Members should be honest with other members, good or bad, just do it without crossing the lines of community policies. Nobody gets banned for challenging other members... they get banned when they start stalking a member because they're being ignored by them, harassing them across the community to be heard or such. The same as members don't get banned here for only posting sympathetic responses. If that is who they are, so be it.
Banning, reporting being mentioned
This was raised in above comment as notable -- members are taking issues onto the community, complaining about another member or such, yet they don't report the specifics to staff. Members make such a complaint on a thread, and staff don't see it / miss it. Why? Because a thread is not a report mechanism, it is a discussion system. People want staff attention for something, but go about it the wrong way. So the admin then has to remind, remind, remind.
Report is a staff system that only staff see and allows them to quickly identify the issue, as it is linked to the problem being reported. Its private, confidential, and has the quickest result. People say they don't use it because they don't understand it, so it gets explained. Explaining it causes people to then use that as though staff are shoving it down members throats. This is some of the problem... some people just don't know what they want. Not right nor wrong... this is a mental health community and you should accept that any member can be in this mood at a given time.
Pretty sure
@joeylittle covered this in an announcement recently, but being banned is often not a permanent thing here. We aren't here to punish anyone, it is used as an overall community protective action from anyone that we have evidenced is violating policy here.

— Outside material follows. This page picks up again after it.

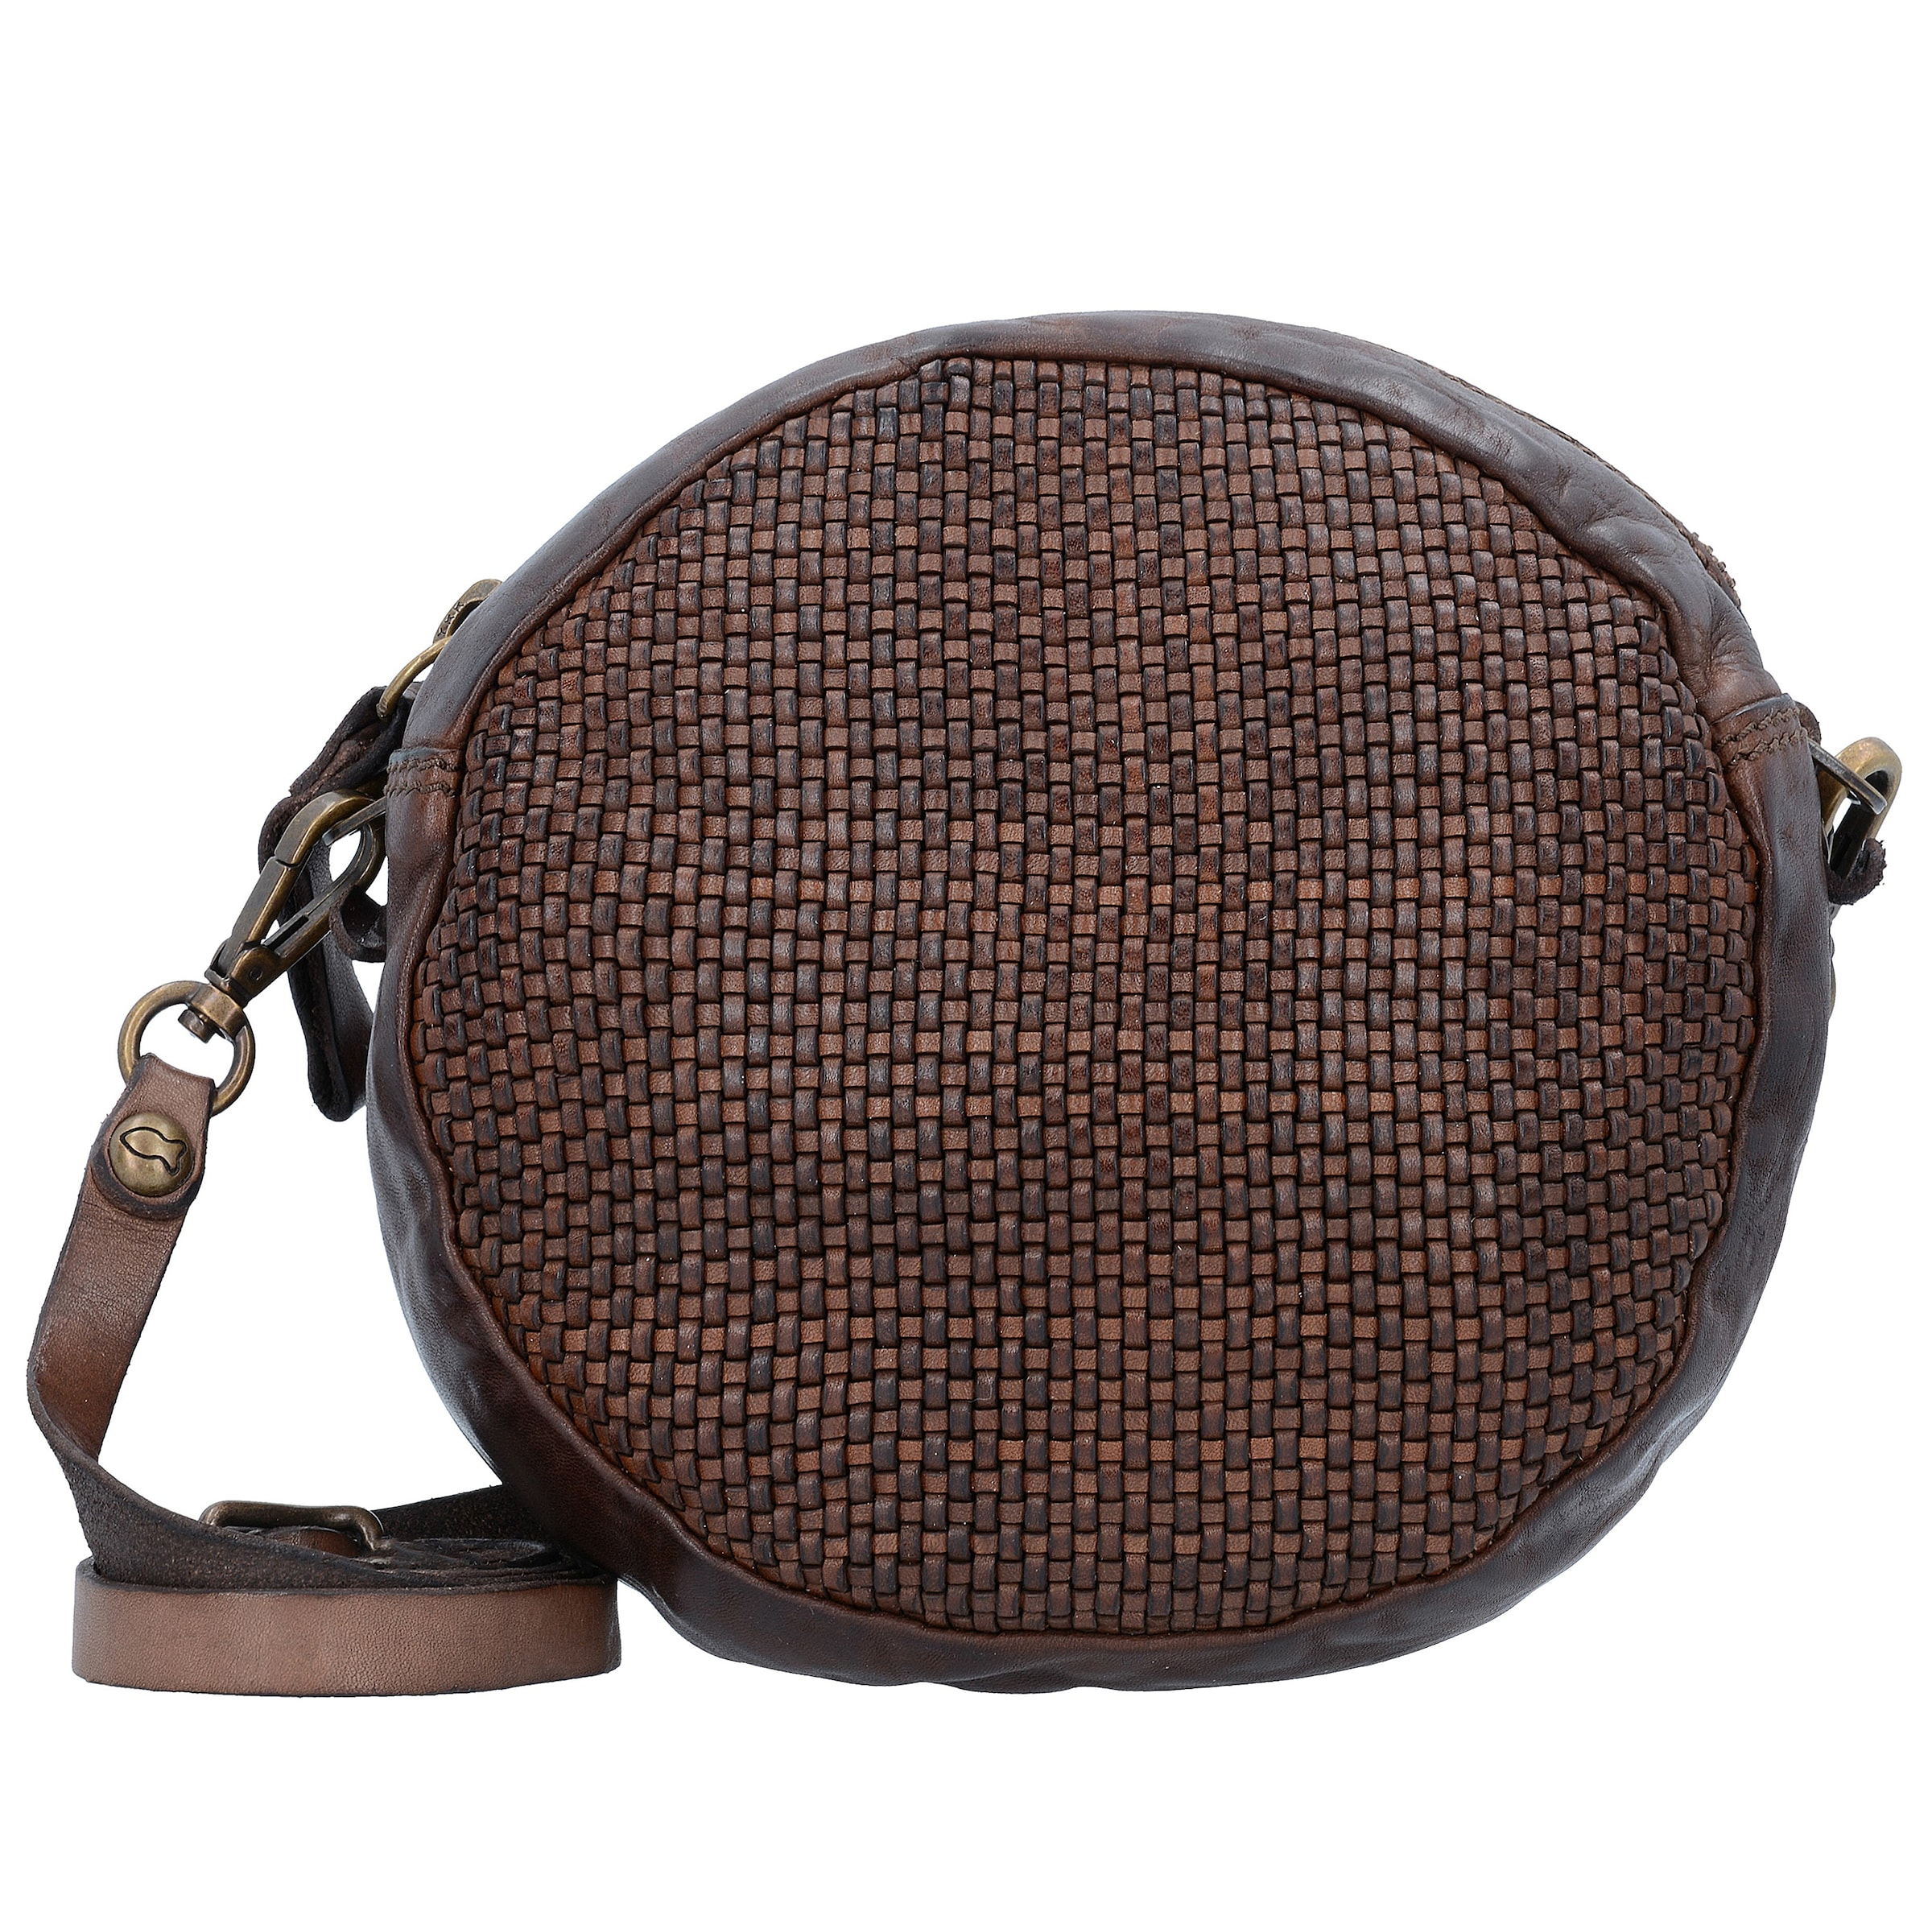 Anzuzeigen Günstigen Preis Campomaggi Prestige Edera Mini Bag Umhängetasche Leder 18 cm Durchsuchen Verkauf Online Verkauf 2018 Günstig Kaufen Mit Paypal sr5t9ZJC

Lets be honest... restrictions have been lifted here over the last few years as the member base has changed due to society and its use of the internet. We haven't introduced anything new, only removed rules. We changed rules to a community constitution to thwart an increase in complaints we began to experience with strictness, removing problematic areas and such for overall community fairness.
Again though... it is rare we ban an actual member of this community. The majority of the time a process entails, warnings, temp bans, increased ban periods, eventually permanent. Even permanent is reviewed annually and often lifted. It is only extreme offenders we leave on the permanent ban list. Put it this way, I just did a search of banned members with 10 posts or more, the return is 56 members. 56 in 10+ years on the permanent ban list having 10 or more posts, being they weren't a brand new member who got banned for trolling or spam or such.
Like I said... rare and not something any member should even worry about here.
Not sure if I covered all the issues I read in this thread... but that is certainly a history lesson.
What happens going forward
@joeylittle will decide, and is gaining her own experience already of what works, what doesn't, when to act swiftly and when to discuss the problem with the member. Please remember that that learning takes time, and she is learning from the admin view. It can only be learnt with experience, there is no other way to perform the admin role. Please do not dismay, I have zero doubt that she is the right person for the job. I've been looking for my replacement for years now... so due diligence was done I believe. IMHO, the future for MyPTSD is looking fairly bright and prosperous.